Mais M. Mattis avait refusé de prendre directement des mesures avant d’être fixé clairement sur les chiffres et avant que le président ne donne une idée plus claire de la stratégie qu’il comptait adopter de manière plus large.

« Le président devait prendre une décision stratégique », a déclaré le secrétaire à la Défense. « Je crois qu’il a besoin du weekend pour déterminer comment il va l’expliquer aux Américains. »

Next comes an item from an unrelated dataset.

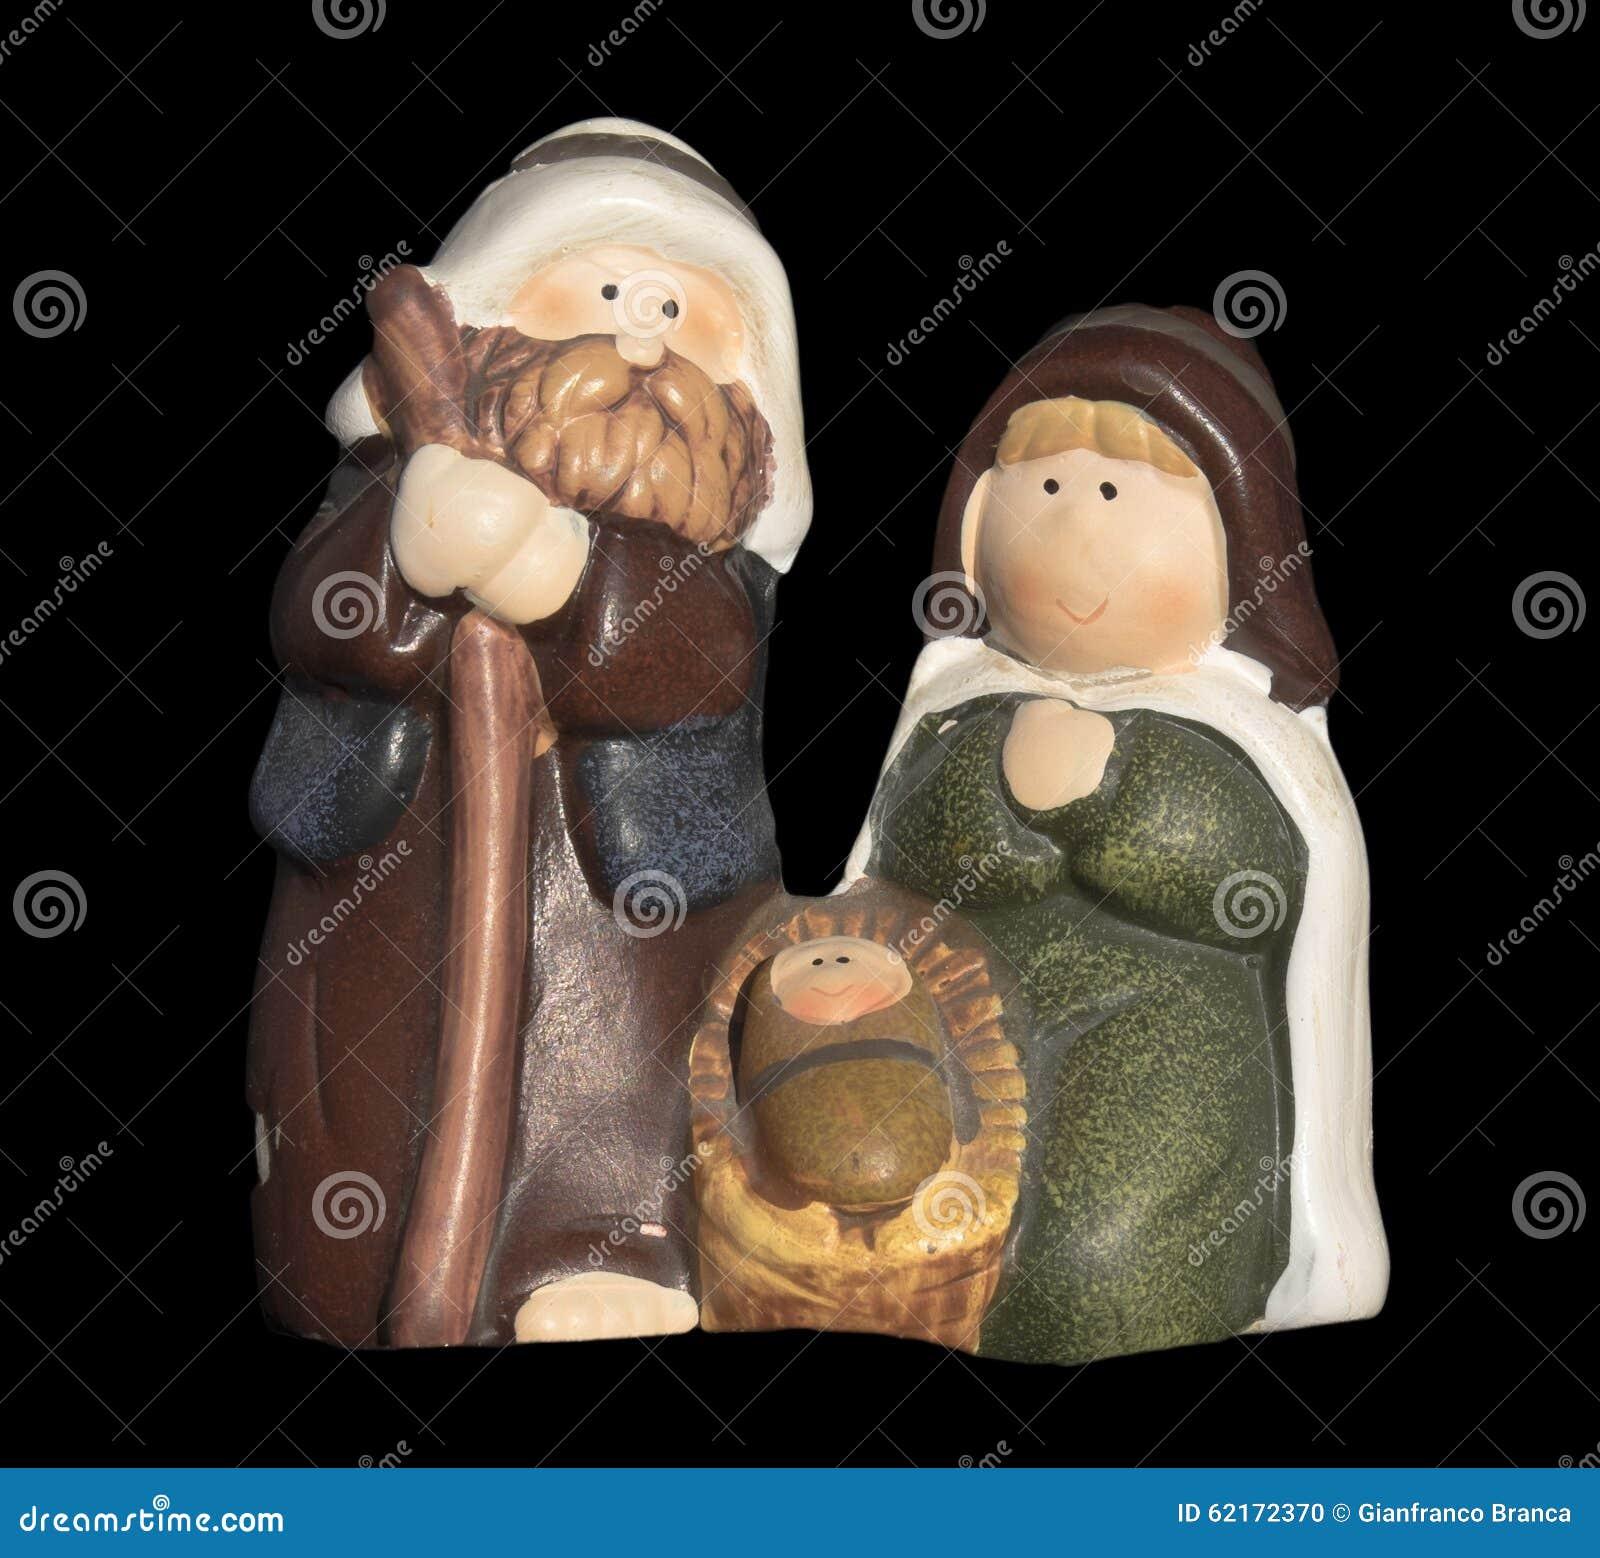 Ceramic Nativity Christmas Ornament Stock Photo - Image ...

M. Mattis est arrivé dimanche à Amman où il doit rencontrer le roi Abdallah de Jordanie, première étape d’une tournée de cinq jours au Moyen-Orient et en Europe de l’est.

Il se rendra également en Turquie pour s’entretenir avec le président Recep Tayyip Erdogan et des hauts responsables militaires sur la guerre en Syrie et la lutte contre le groupe djihadisteÉEtat islamique. En Ukraine, il évoquera la question du soutien américain aux forces ukrainiennes engagées dans la lutte contre les rebelles prorusses.

Donald Trump présentera la stratégie sur l’Afghanistan lundi soir

Donald Trump présentera lundi soir sa stratégie sur l’Afghanistan, au moment où se pose la question du niveau des troupes américaines présentes dans ce pays depuis 16 ans, soit la plus longue guerre de l’histoire des États-Unis.

Le président américain s’exprimera depuis la base militaire de Fort Myer, au sud-ouest de Washington, à 21h, a annoncé dimanche la Maison-Blanche.

Il présentera sa vision du devenir de «l’engagement de l’Amérique en Afghanistan et en Asie du Sud», a précisé l’exécutif.

Seize ans après l’invasion américaine pour punir les talibans d’avoir soutenu les commanditaires du 11-Septembre, malgré des centaines de milliards de dollars dépensés et 2400 militaires américains tués, les rebelles ont l’initiative sur le terrain.

L’armée afghane a subi des pertes insoutenables, le pouvoir central est faible et corrompu et même le groupe État islamique semble en passe de prendre pied dans le pays.

L’armée américaine dispose d’environ 8400 hommes en Afghanistan, soit bien moins que les 100 000 qu’elle comptait il y a encore six ans. La plupart d’entre eux sont chargés d’encadrer et d’entraîner les forces afghanes.

Pour permettre de reprendre l’initiative sur le terrain, les militaires américains – le chef du Pentagone Jim Mattis en tête – préconisent d’envoyer quelques milliers de renforts américains (le chiffre de 4000 circule) en guise de béquille à des force de sécurité afghanes débordées.

L’aile nationaliste de la Maison-Blanche, dont Steve Bannon, conseiller stratégique remercié vendredi, était la figure de proue, a toujours été réticente envers un engagement militaire américain accru. Selon le New York Times, ce dernier avait avancé l’idée de confier les tâches de sécurité en Afghanistan à des entreprises privées.

Par anticipation, les talibans ont envoyé une mise en garde au locataire de la Maison-Blanche: «Il serait sage pour vous d’adopter une stratégie de retrait complet d’Afghanistan plutôt que d’accroissement des troupes», ont-ils indiqué dans une lettre ouverte.

Les talibans, qui ont dirigé l’Afghanistan de 1996 à 2001, s’en sont aussi pris dans leur lettre aux dirigeants afghans, qualifiés de «pantins» préoccupés par leurs seuls pouvoirs et intérêts personnels. Selon eux, l’occupation étrangère est «le principal moteur de la guerre».